Task goal:
Exact copies of the lines below are the goal; any images in them are dropped.

Dataset content:
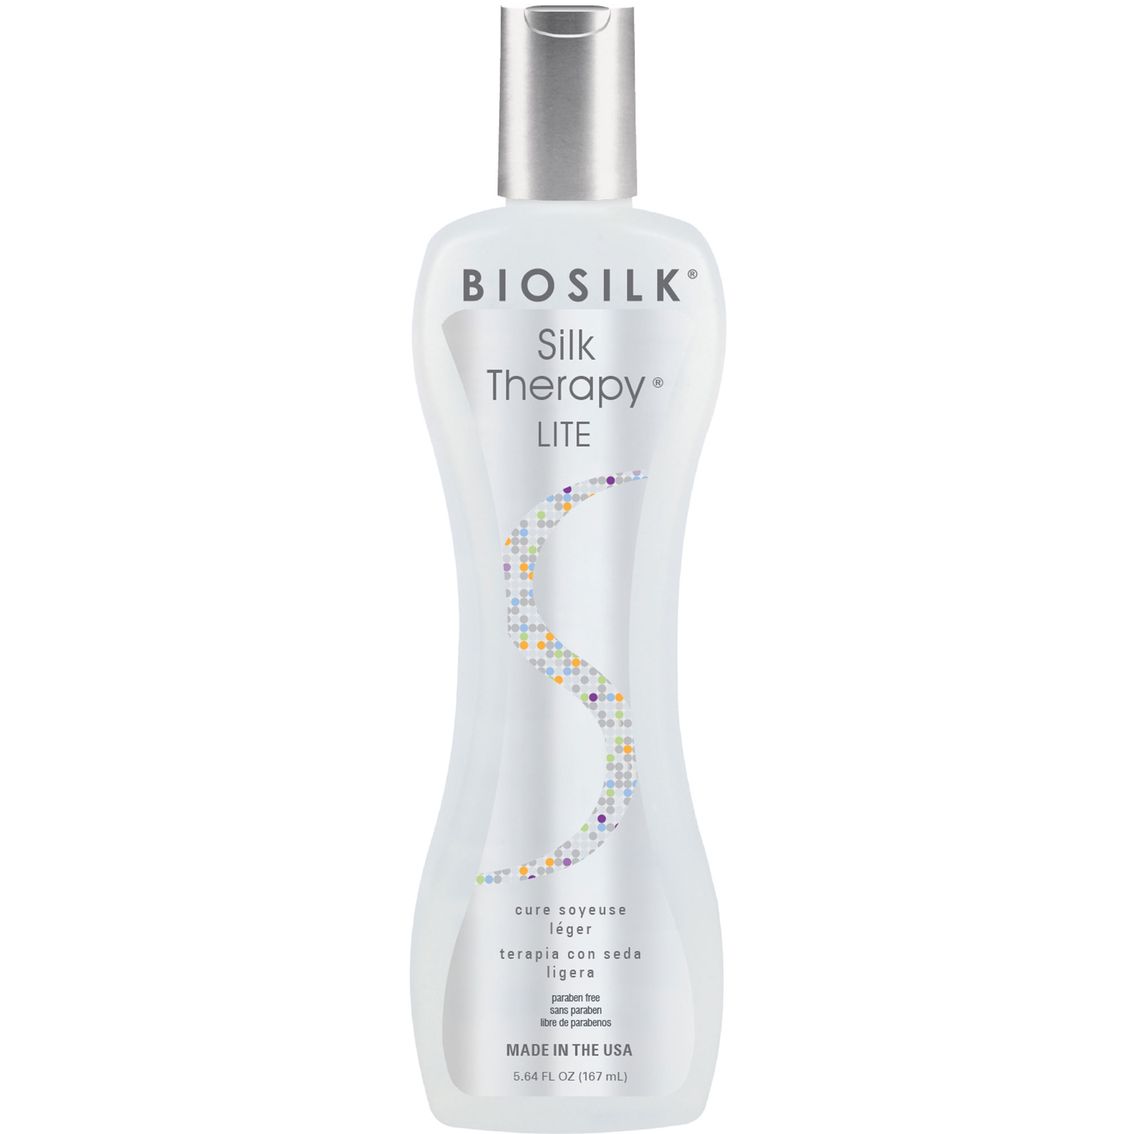 Biosilk Silk Therapy Lite 150ml
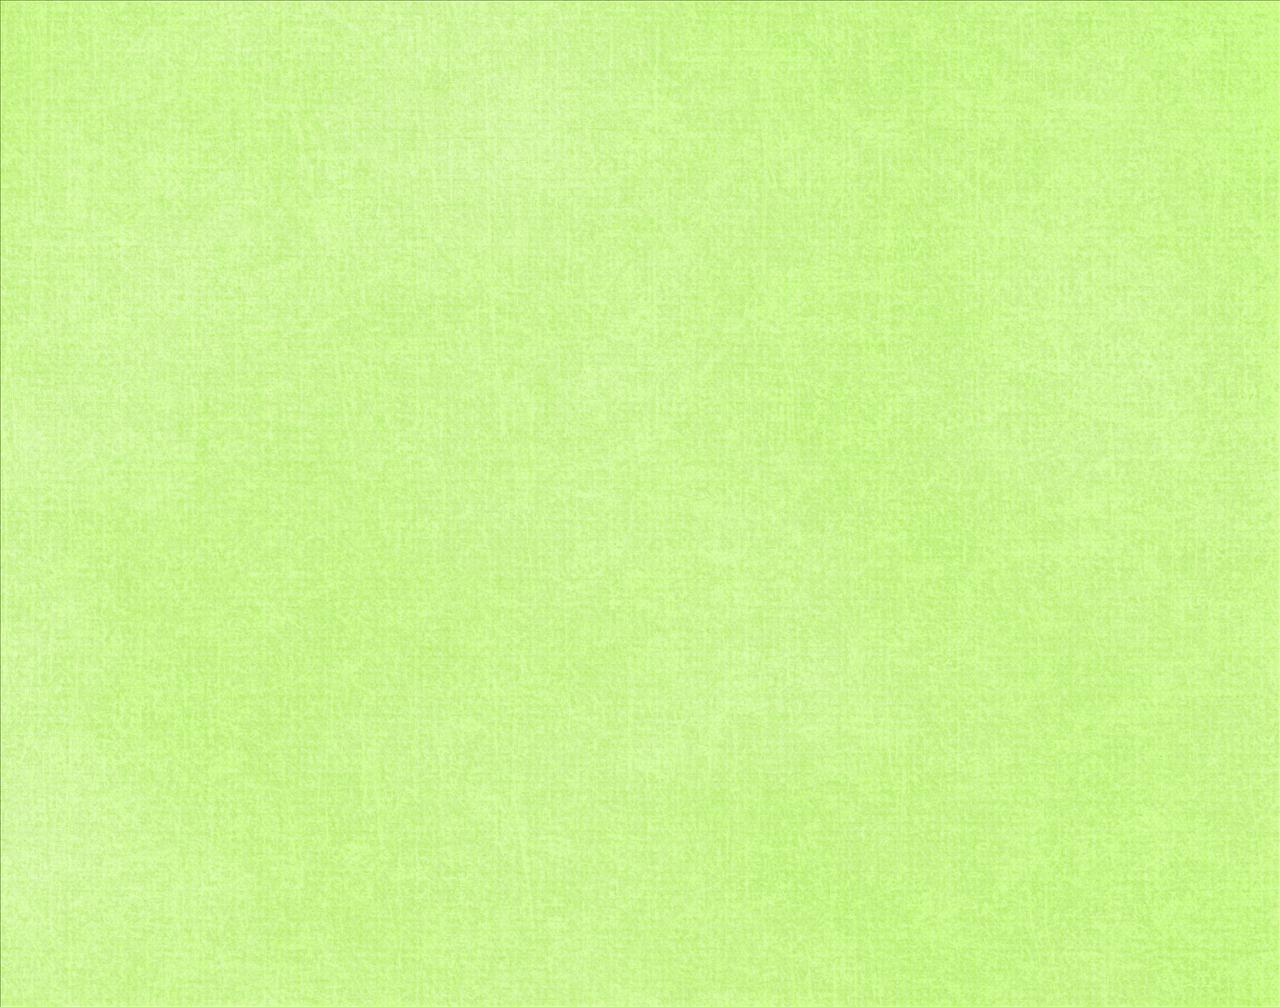 Plain Light Green Background. Latest Laptop Wallpaper
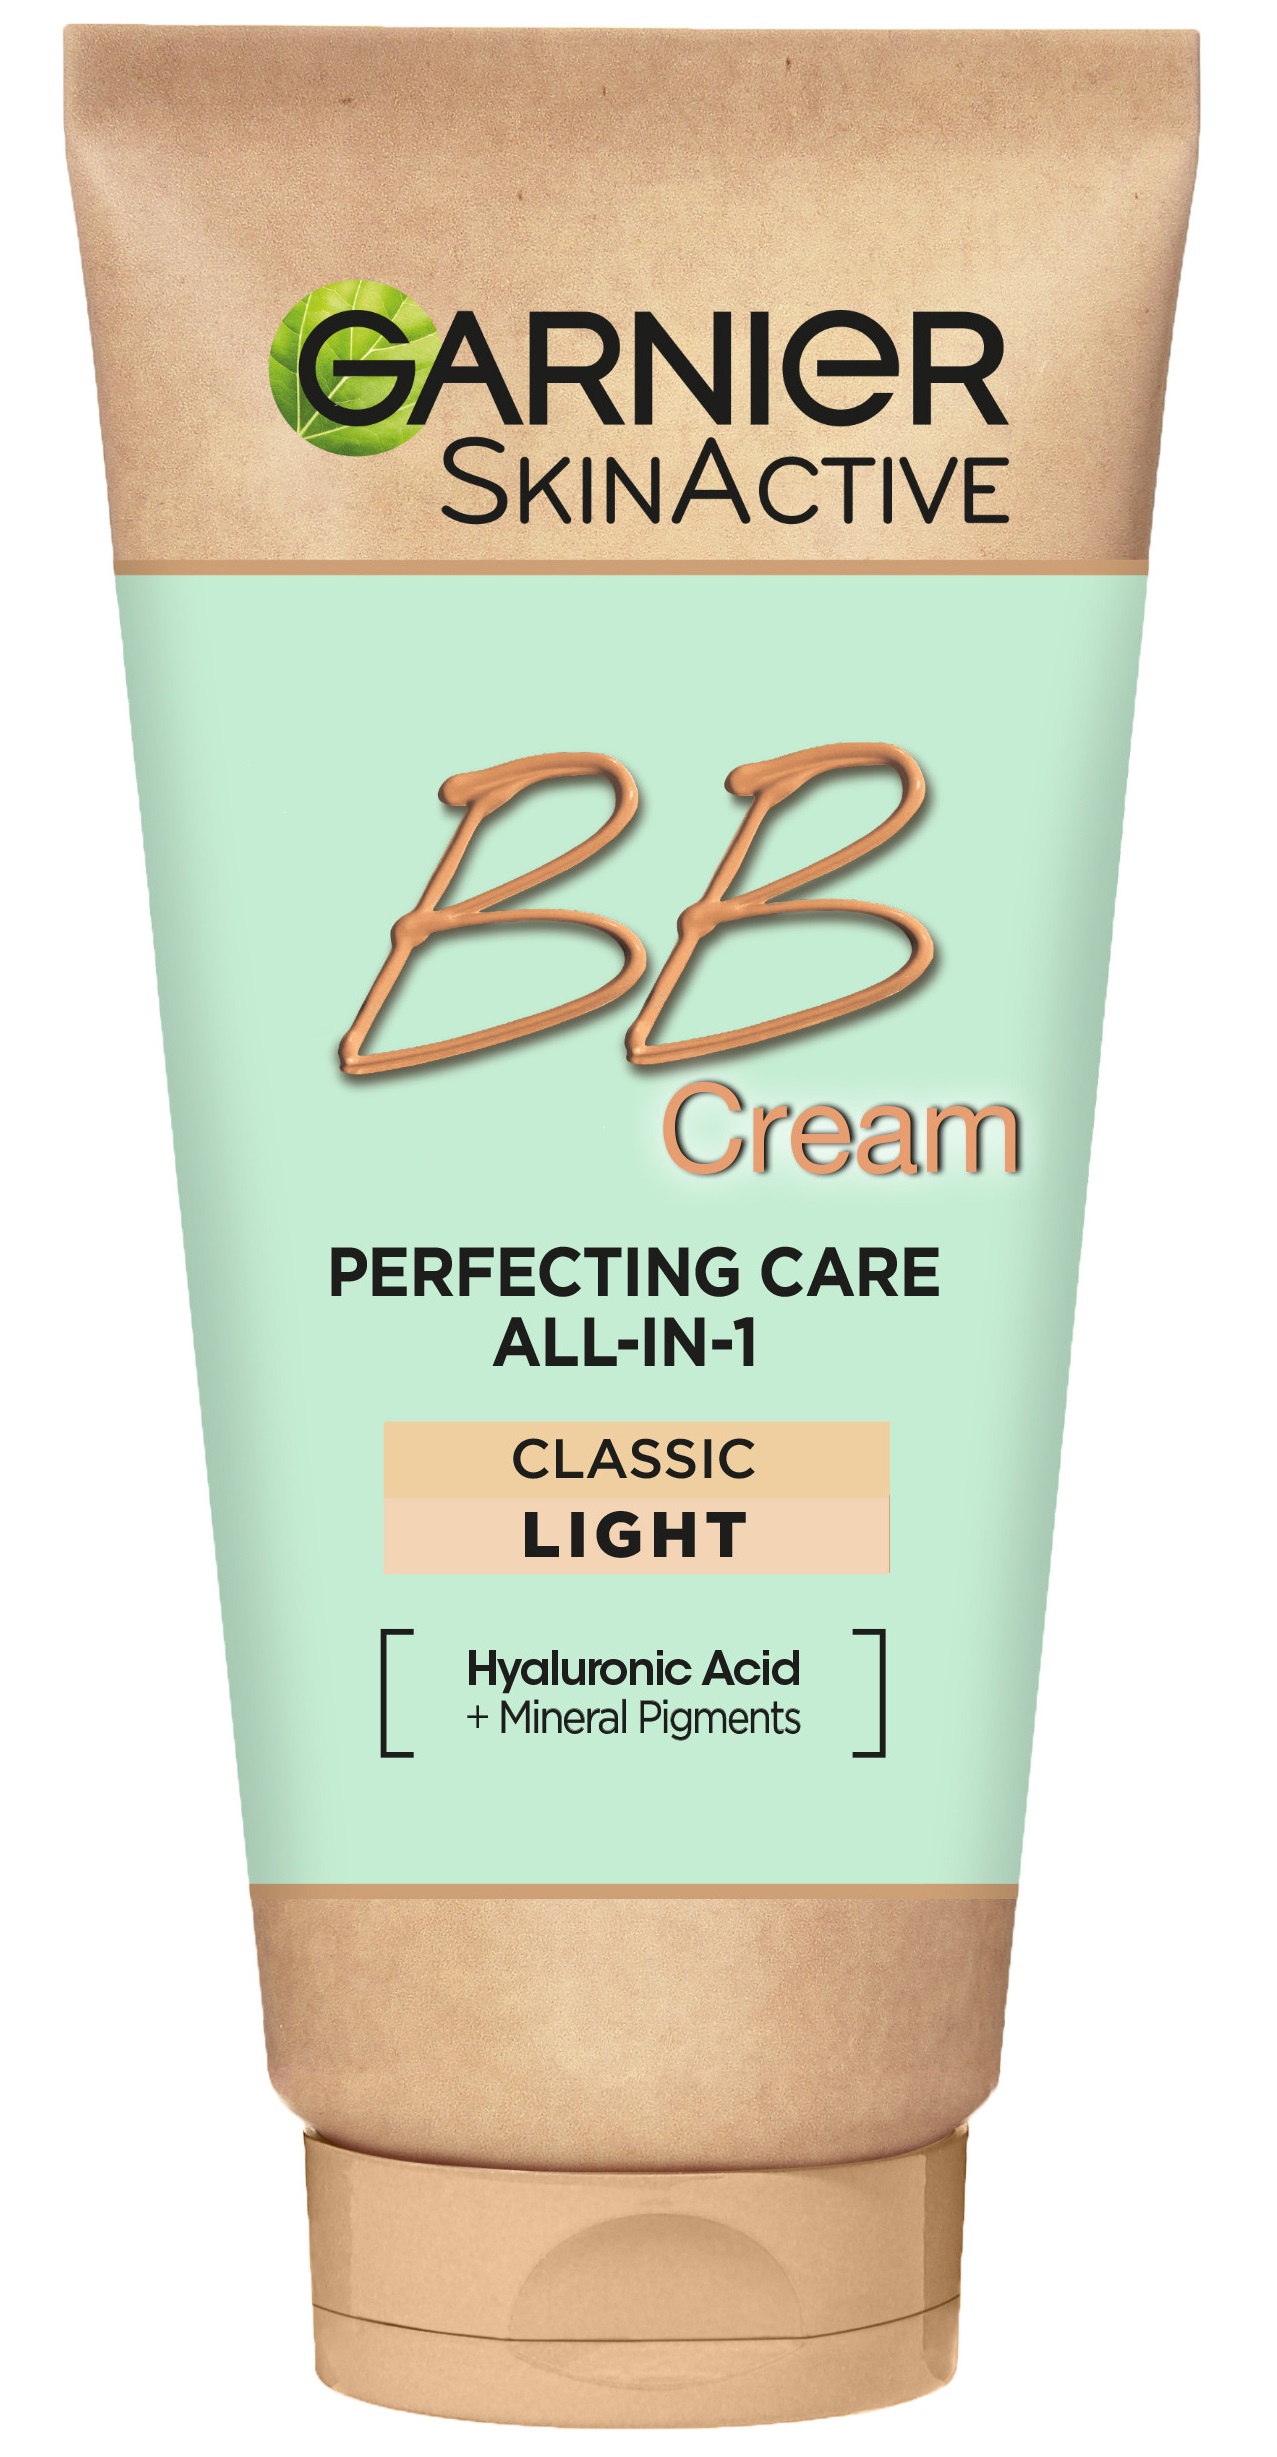 Garnier SkinActive Cream Perfecting Care All-In-1 Light | lyko.com

Solution to the problem:
 Biosilk Silk Therapy Lite 150ml
 Plain Light Green Background. Latest Laptop Wallpaper
 Garnier SkinActive Cream Perfecting Care All-In-1 Light | lyko.com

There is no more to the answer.